In the records below, find the line that contains "高級食パン専門店・嵜本から、" and the line that contains "Stranger Things Dungeon"; write out exactly those two lines and everything between them, without the pictures.

-------- Exercise data

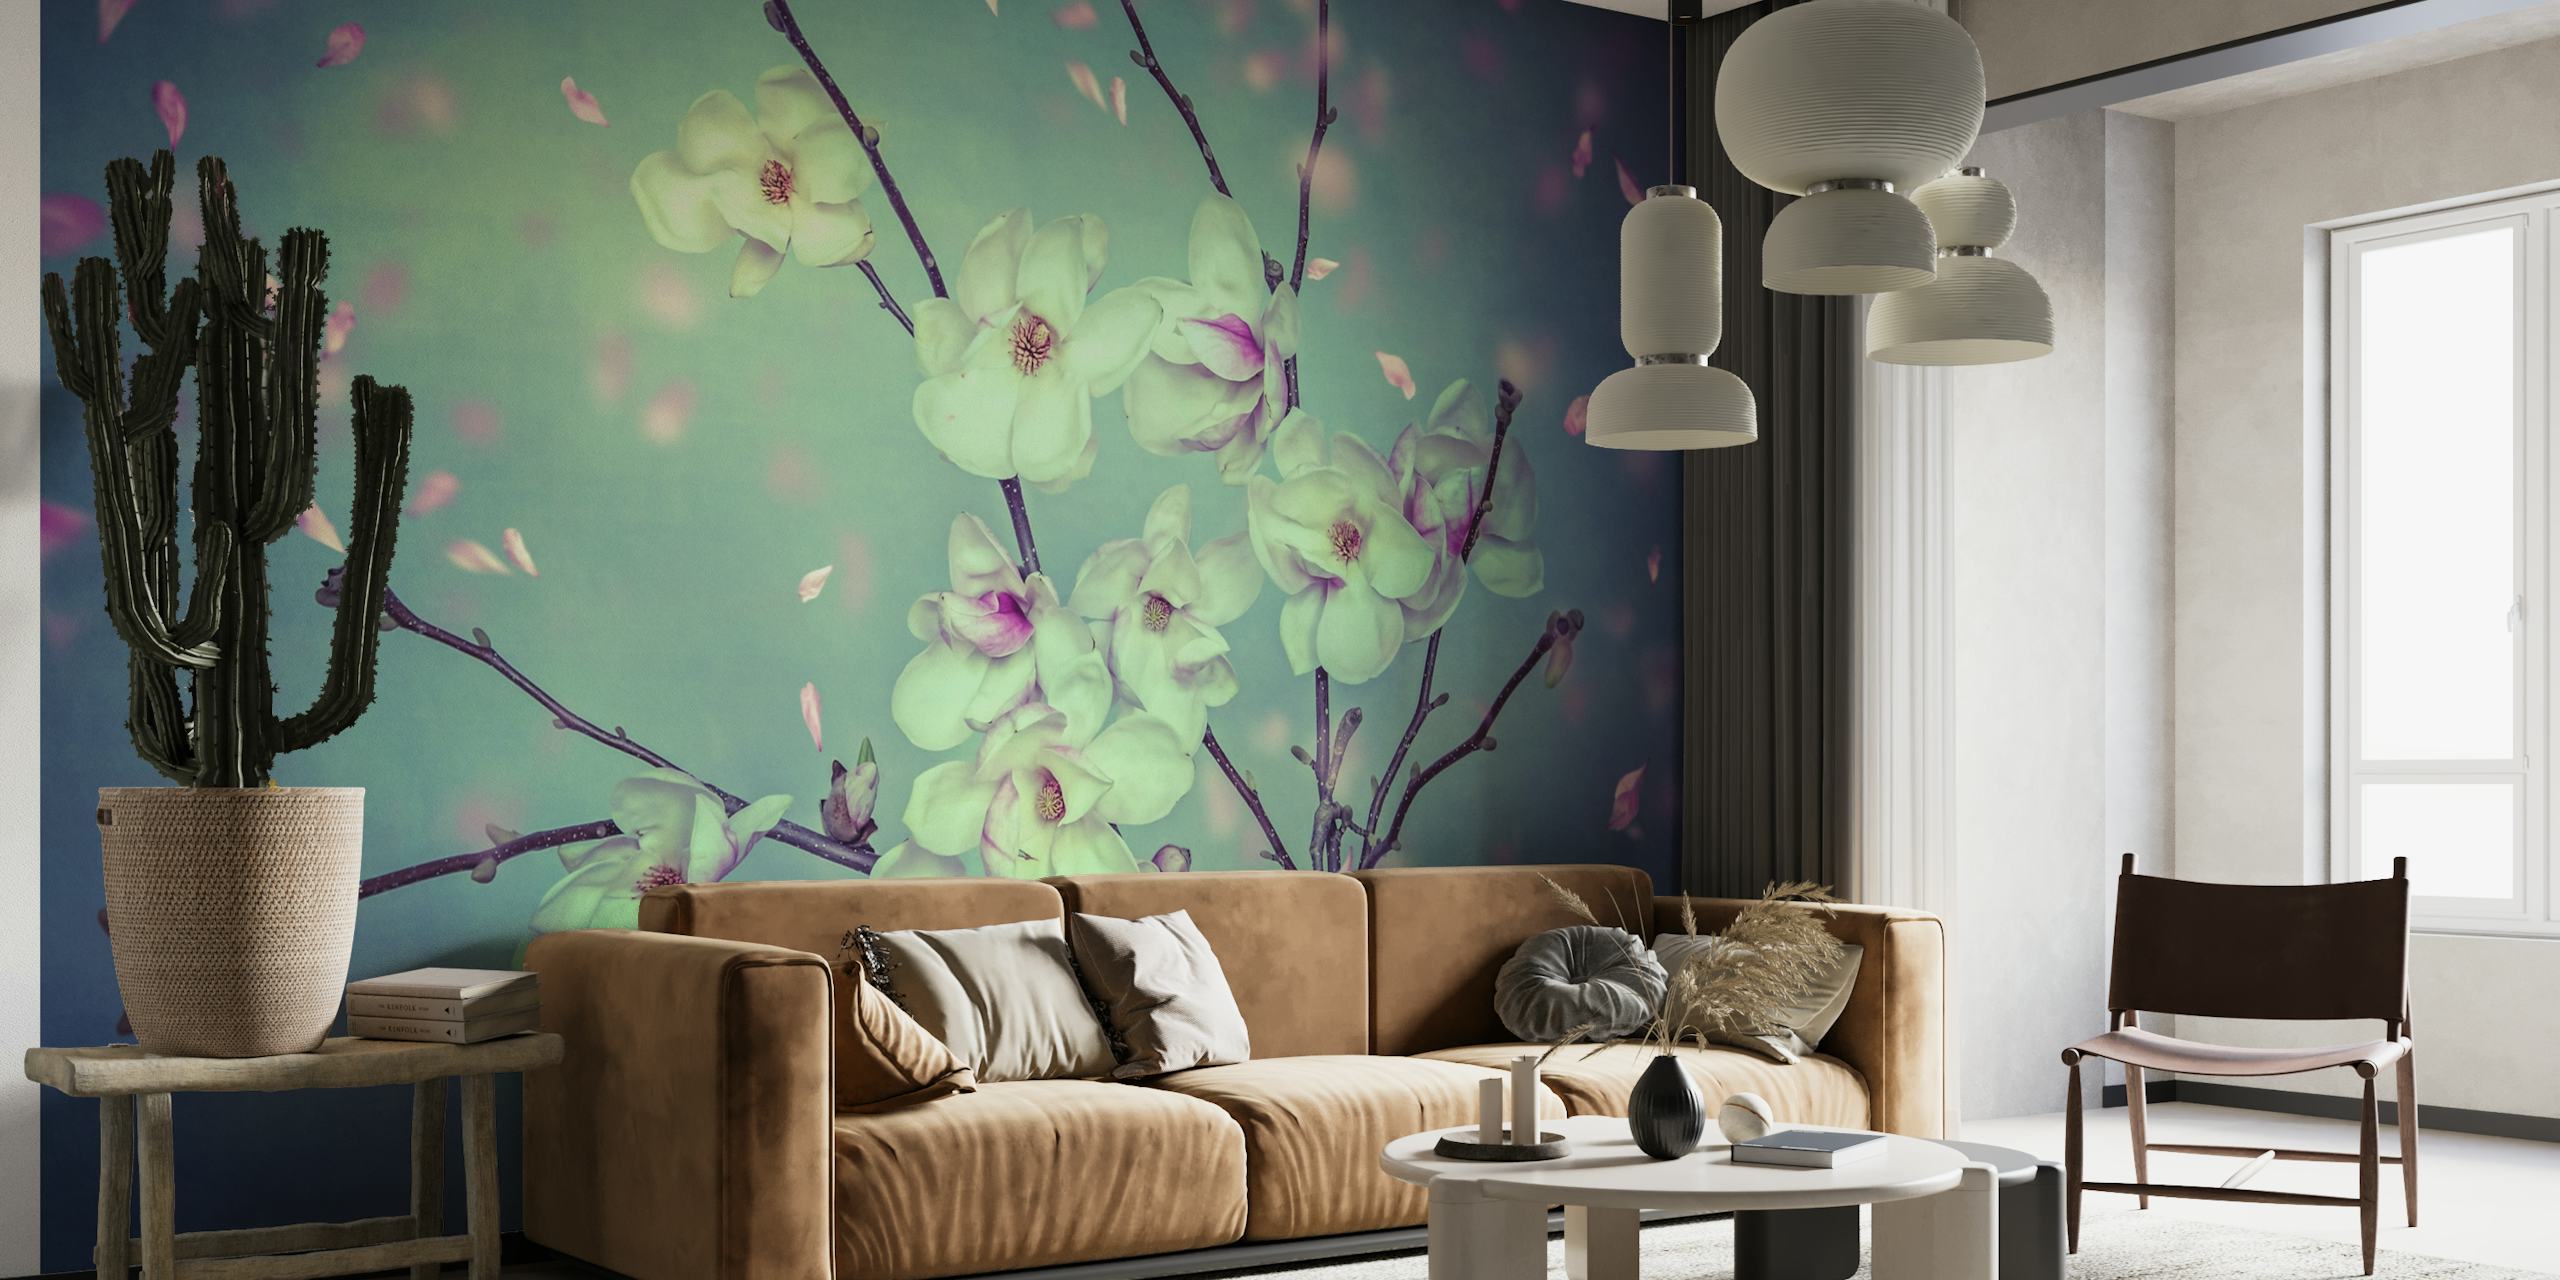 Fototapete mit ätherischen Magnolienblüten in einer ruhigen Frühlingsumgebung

----------------
-------- Exercise data

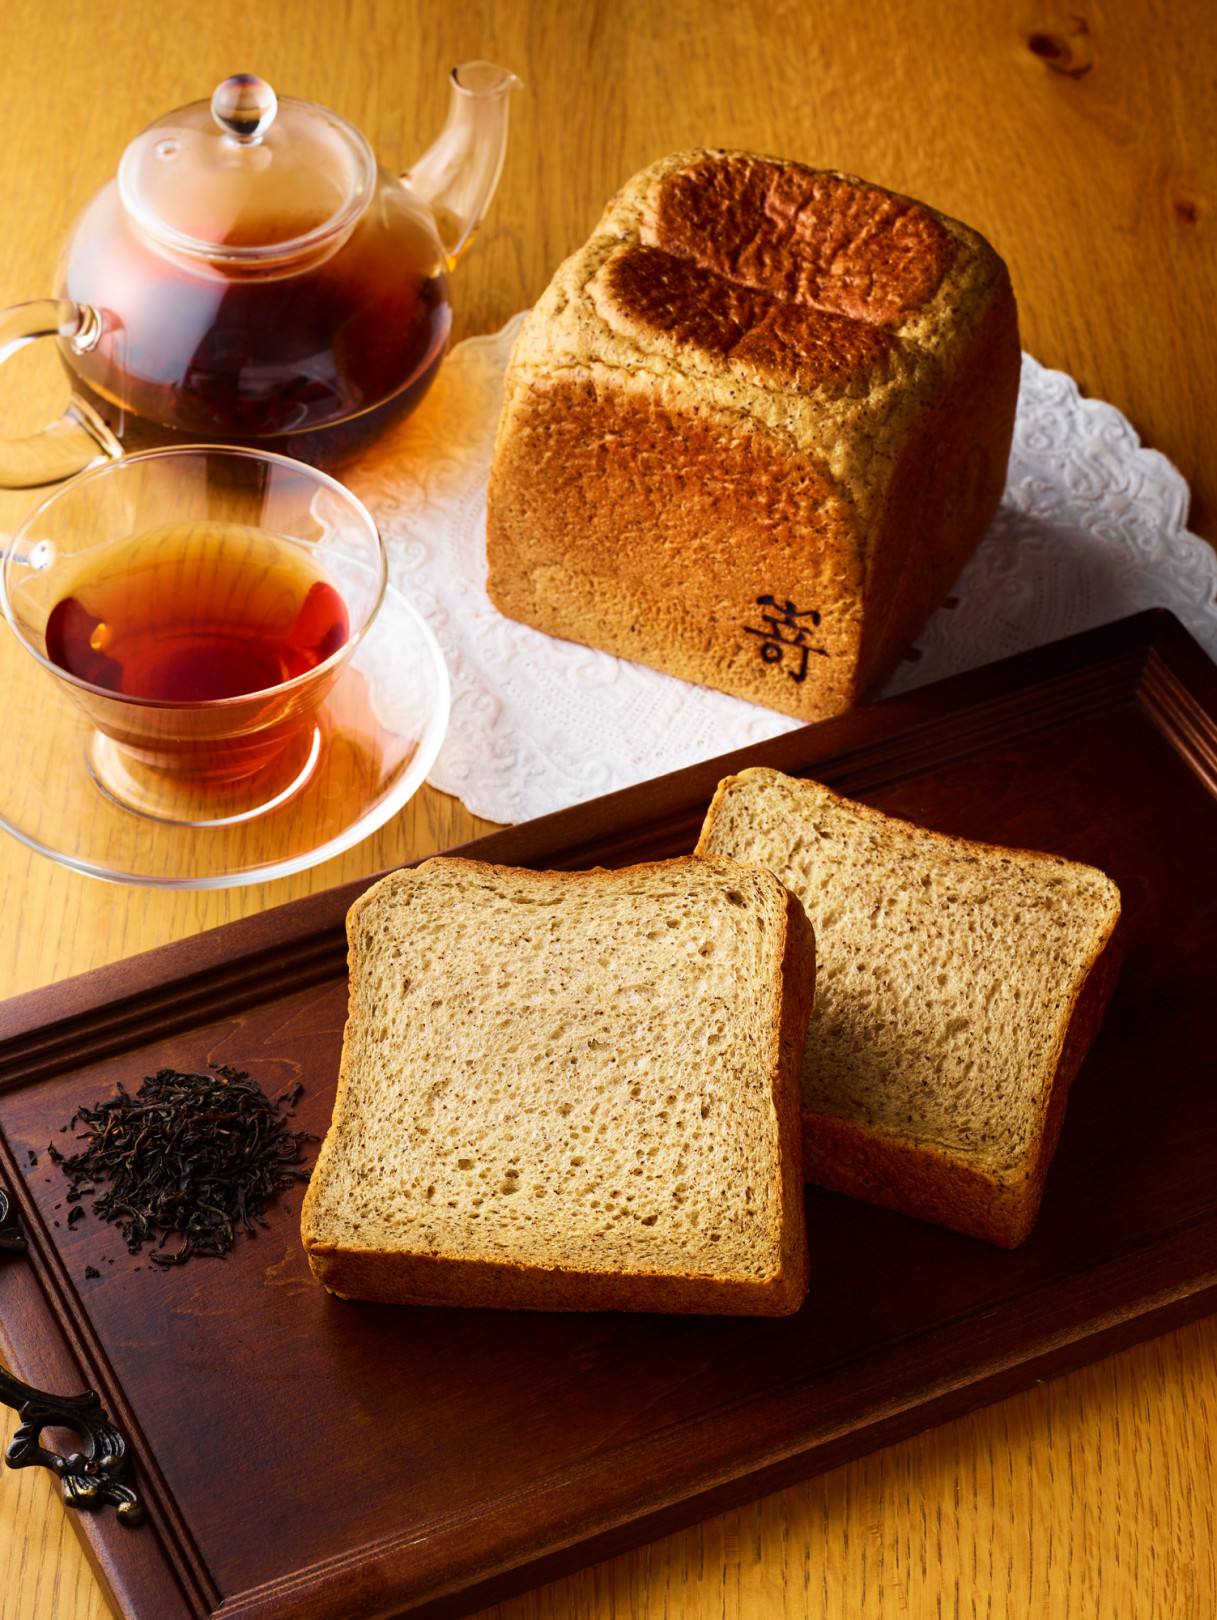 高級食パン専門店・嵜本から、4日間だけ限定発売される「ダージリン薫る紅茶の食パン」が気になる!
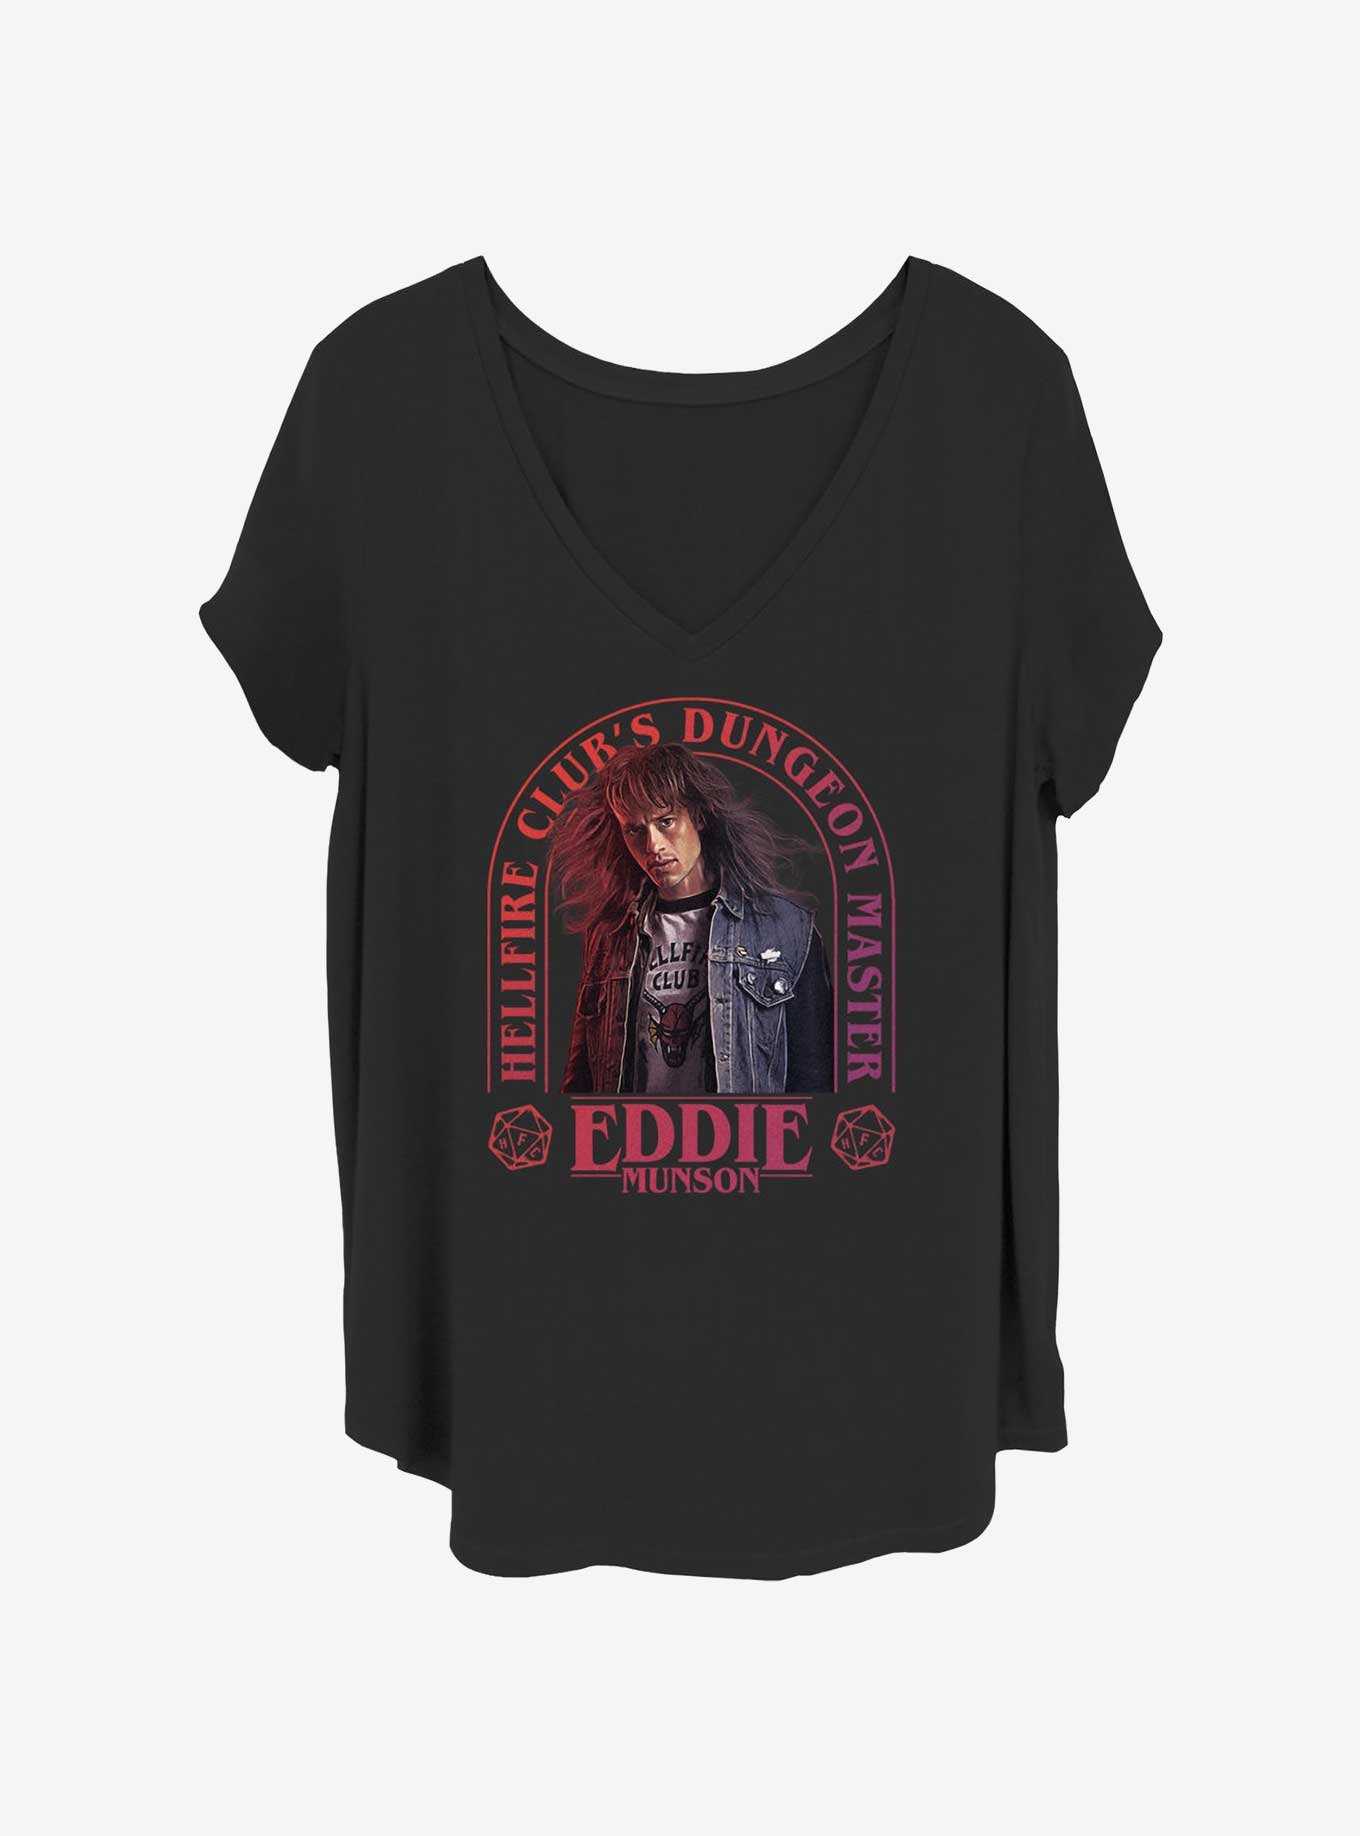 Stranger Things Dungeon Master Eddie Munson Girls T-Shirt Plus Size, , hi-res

----------------

▶ Task answer
 高級食パン専門店・嵜本から、4日間だけ限定発売される「ダージリン薫る紅茶の食パン」が気になる!
 Stranger Things Dungeon Master Eddie Munson Girls T-Shirt Plus Size, , hi-res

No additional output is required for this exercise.